09月28日 pytorch与resnet（三）预训练的Mask R-CNN 模型进行微调

最新推荐文章于 2023-09-19 21:59:57 发布

Hali_Botebie

最新推荐文章于 2023-09-19 21:59:57 发布

阅读量1k

点赞数

分类专栏：训练心得与Pytorch实践

原文链接：baidu.com

版权

训练心得与Pytorch实践专栏收录该内容

40 篇文章 11 订阅

订阅专栏

本文详细指导如何使用预训练的Mask R-CNN模型在TorchVision中微调，包括定义 PennFudan 数据集、调整模型结构（如替换backbone和finetune）、数据增强与训练评估流程。适合初学者理解实例分割和迁移学习实践。

摘要由CSDN通过智能技术生成

TorchVision 对象检测微调教程

1. 预训练的Mask R-CNN 模型进行微调

我们将说明如何在 torchvision 中使用新功能，以便在自定义数据集上训练实例细分模型。

2. 定义数据集

https://pytorch.org/tutorials/intermediate/torchvision_tutorial.html
Penn-Fudan 数据库中对行人检测和分割。数据集应继承自标准torch.utils.data.Dataset类，并实现__len__和__getitem__。
让我们为此数据集编写一个torch.utils.data.Dataset类。

import os
import numpy as np
import torch
from PIL import Image


class PennFudanDataset(object):
    def __init__(self, root, transforms):
        self.root = root
        self.transforms = transforms
        # load all image files, sorting them to
        # ensure that they are aligned
        self.imgs = list(sorted(os.listdir(os.path.join(root, "PNGImages"))))
        self.masks = list(sorted(os.listdir(os.path.join(root, "PedMasks"))))

    def __getitem__(self, idx):
        # load images ad masks
        img_path = os.path.join(self.root, "PNGImages", self.imgs[idx])
        mask_path = os.path.join(self.root, "PedMasks", self.masks[idx])
        img = Image.open(img_path).convert("RGB")
        # note that we haven't converted the mask to RGB,
        # because each color corresponds to a different instance
        # with 0 being background
        mask = Image.open(mask_path)
        # convert the PIL Image into a numpy array
        mask = np.array(mask)
        # instances are encoded as different colors
        obj_ids = np.unique(mask)
        # first id is the background, so remove it
        obj_ids = obj_ids[1:]

        # split the color-encoded mask into a set
        # of binary masks
        masks = mask == obj_ids[:, None, None]

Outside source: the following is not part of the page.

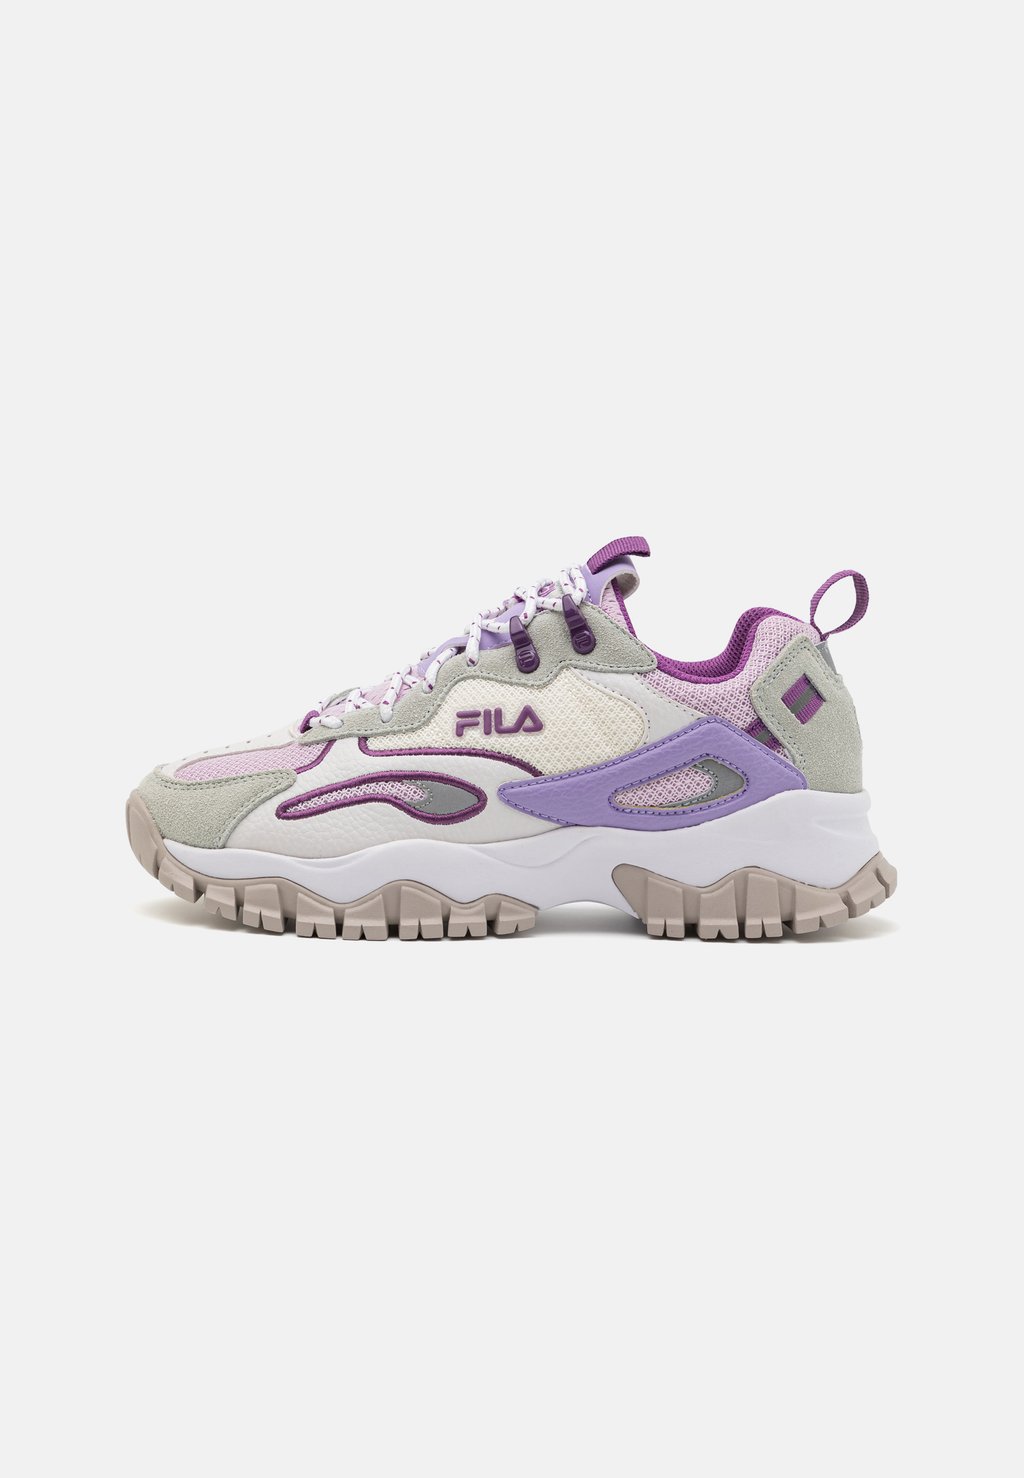 Низкие кроссовки Ray Tracer Fila, цвет gray violet/lavender fog
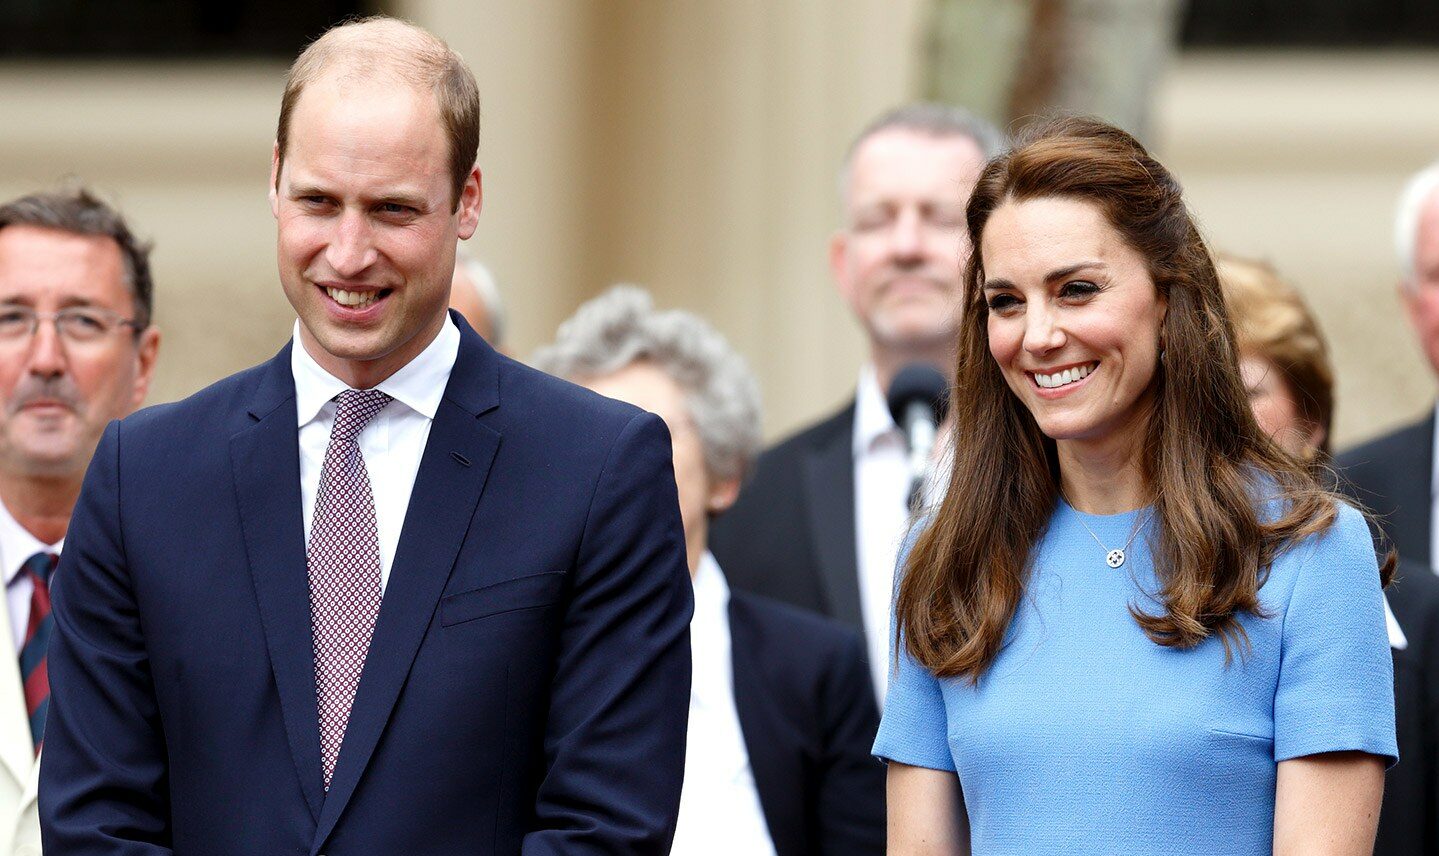 Scandale à Kensington Palace : Le prince William accusé d'avoir trompé Kate Middleton

        # get bounding box coordinates for each mask
        num_objs = len(obj_ids)
        boxes = []
        for i in range(num_objs):
            pos = np.where(masks[i])
            xmin = np.min(pos[1])
            xmax = np.max(pos[1])
            ymin = np.min(pos[0])
            ymax = np.max(pos[0])
            boxes.append([xmin, ymin, xmax, ymax])

        # convert everything into a torch.Tensor
        boxes = torch.as_tensor(boxes, dtype=torch.float32)
        # there is only one class
        labels = torch.ones((num_objs,), dtype=torch.int64)
        masks = torch.as_tensor(masks, dtype=torch.uint8)

        image_id = torch.tensor([idx])
        area = (boxes[:, 3] - boxes[:, 1]) * (boxes[:, 2] - boxes[:, 0])
        # suppose all instances are not crowd
        iscrowd = torch.zeros((num_objs,), dtype=torch.int64)

        target = {}
        target["boxes"] = boxes
        target["labels"] = labels
        target["masks"] = masks
        target["image_id"] = image_id
        target["area"] = area
        target["iscrowd"] = iscrowd

        if self.transforms is not None:
            img, target = self.transforms(img, target)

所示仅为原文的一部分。